Teacher Talk: Post-Formal Stories

What is a post-formal story? What shape does it take, what tale does it tell? Obviously, there are no systematic, prescriptive answers to these questions. The answers differ with each story because of the idiosyncratic context constructed by the storytellers. In the case of Teacher Talk, the story varies from personal anecdotes to more formal analyzes of the participants' experience in relation to theory, deemed relevant by me, the researcher. Even though other post-formal stories take diverse forms, a post-formal story contains certain critical nontraditional perspectives.

One perspective is to recognize the different types of narratives that facilitate the understanding of our experience by acting as different lenses through which our experience can be examined.
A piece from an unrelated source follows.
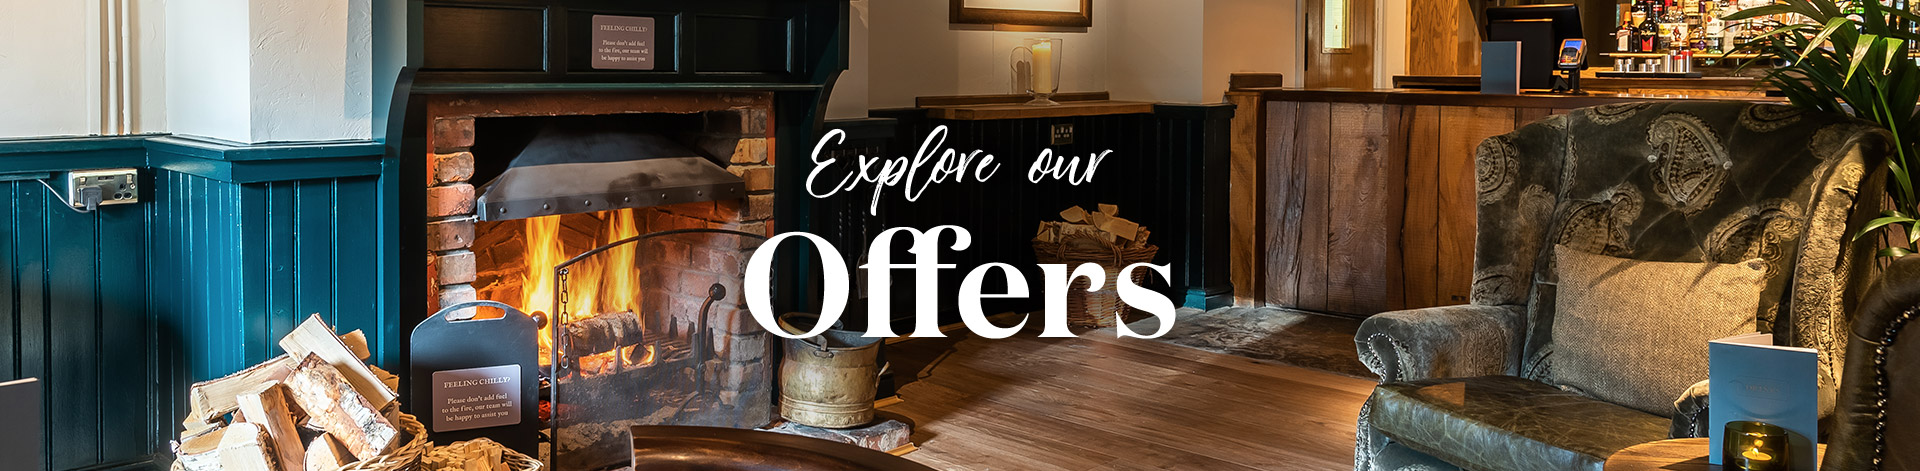 Our latest offers at The Swallow's Nest

Laurel Richardson (1997) identifies five types of narratives that are instructive in our attempt to understand the nature of the post-formal story. Richardson identifies the everyday narrative (an examination of what we did today), the autobiographical narrative (“how people articulate how the past is related to the present”), the biographical narrative (understanding other people's lives; empathizing with the life stories of others), the cultural narrative (participating in the narratives of one's culture; understanding the cultural meanings and their relationships to one another), and the collective story (giving “voice to those who are silenced or marginalized in the cultural narrative”) (1997, pp. 29—33).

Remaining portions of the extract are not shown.